For those of you who are following the ongoing LASD drama—a drama where a so much at stake—I think you’ll find it absolutely essential reading.
THE COMMANDER
Straight-backed and going gray with a closely clipped beard, Bob Olmstead has the mysterious quality that law enforcement types refer to as command presence.
He came to oversee Men’s Central Jail in December of 2006, some months after then-Assistant Sheriff Paul Tanaka, the executive who oversaw the custody division from January 2005 to June 2007, reportedly became incensed at Captain John Clark, the man who was, at the time, overseeing the county’s largest and most troubled jail facility. It seems, Clark was not running CJ in the way that Mr. Tanaka wanted. Most specifically, in order to address escalating incidents of questionable force by deputies on inmates in the jail, Clark had elected to institute a job rotation plan for CJ personnel that had long been recommended by others who had studied the problem, but that Tanaka had decided he loathed. As a consequence, Tanaka rescinded Clark’s plan and then became intensely determined to get Clark out of CJ and out of the custody division altogether.
[WitnessLA has reported on the back story between Mr. Tanaka and Mr. Clark and some of his supervisors, here, here and here.]
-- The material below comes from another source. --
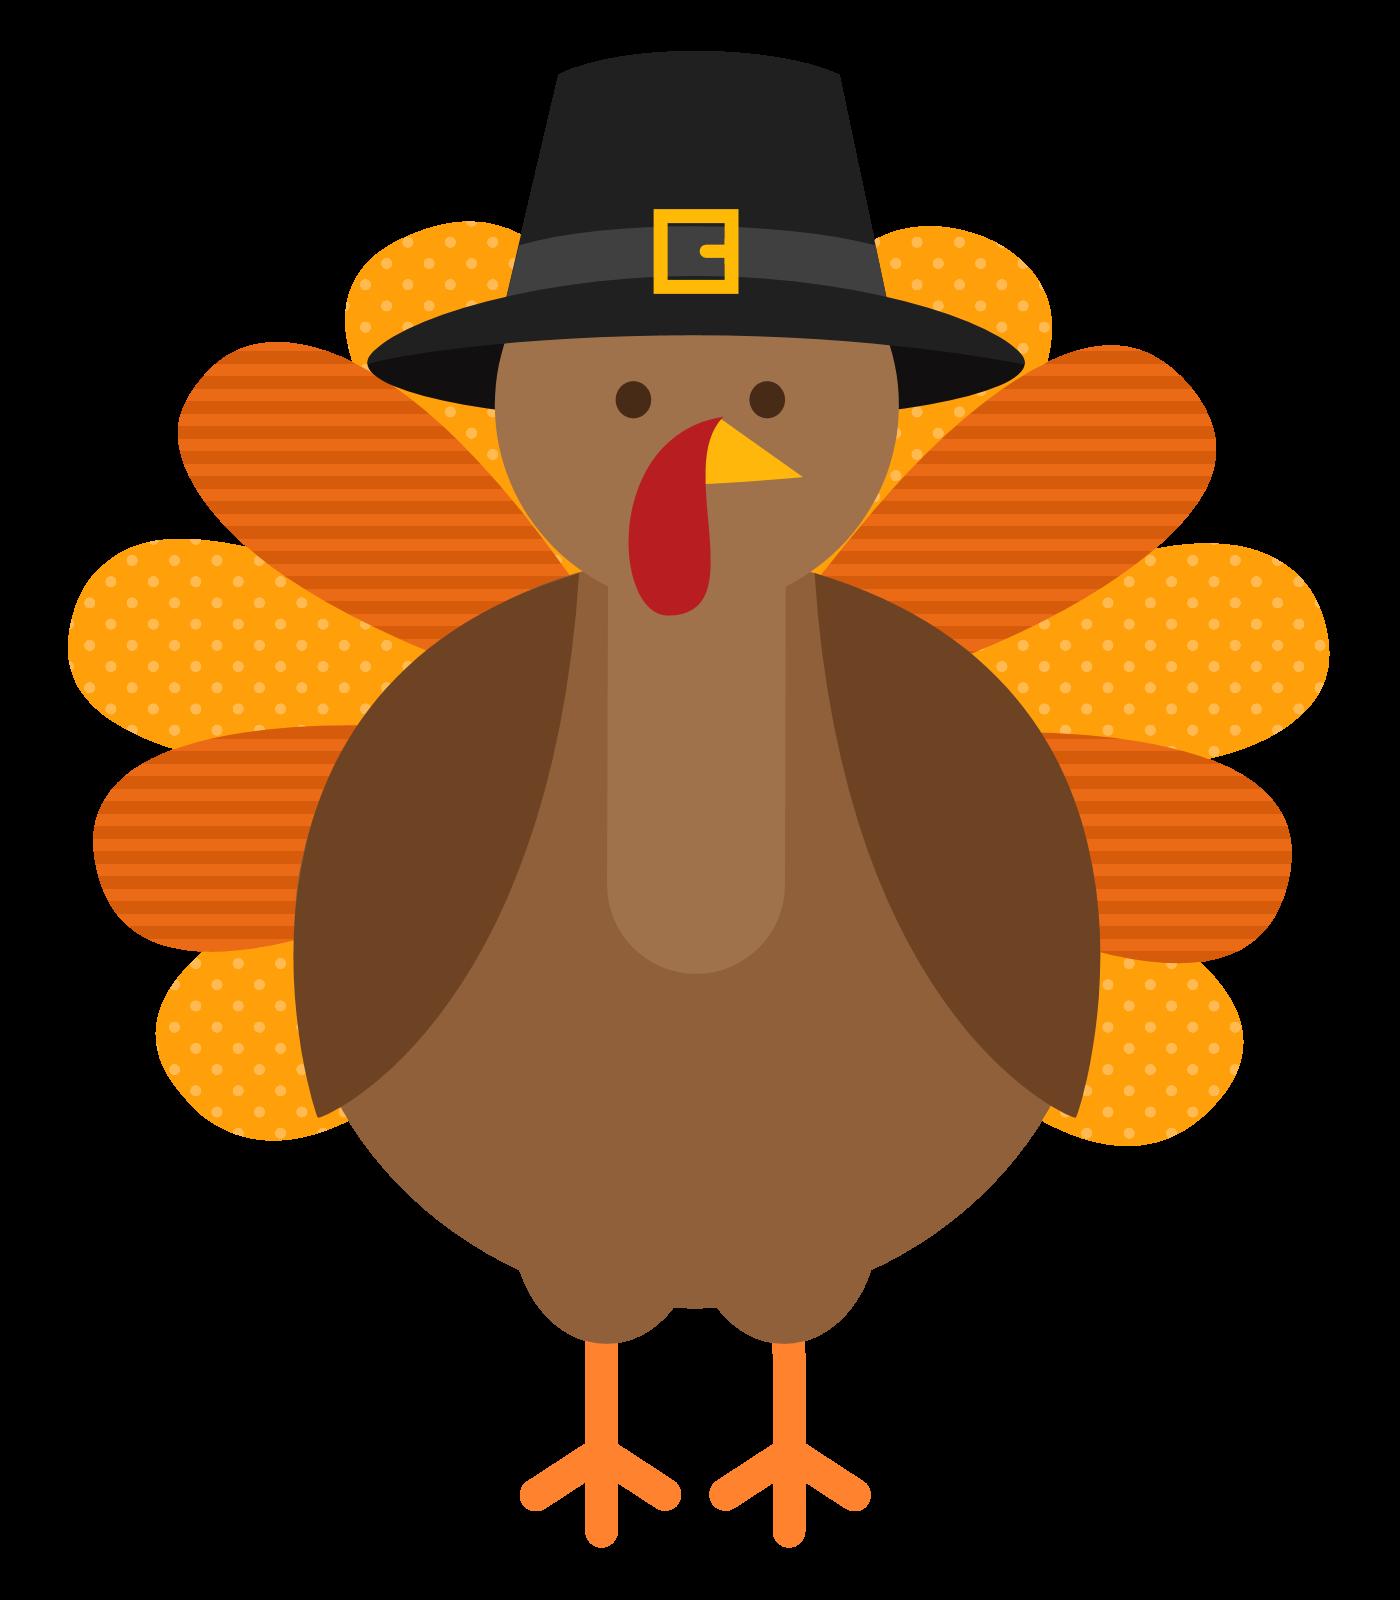 معلومات عن عيد الشكر Thanksgiving

Olmsted, whom he knew to be well-liked by Sheriff Baca, was the person whom Tanaka tapped to replace Clark.
Olmsted told the commission that when he got the call about replacing Clark, he had only spoken to Mr. Tanaka once before. He said that while he had zero interest in leaving his existing post, a prestigious job in commercial crimes investigations, when Tanaka asked him to make the move, he agreed to do it.
“I’m a team player,” Olmsted told the commission.
Tanaka did not tell Olmsted much about why he wanted Clark out so much. “He said there were morale issues, force issues,” Olmsted explained, “and there was an attempt to rotate all the deputies on the jail”—a strategy that Tanaka made clear to Olmsted that he despised.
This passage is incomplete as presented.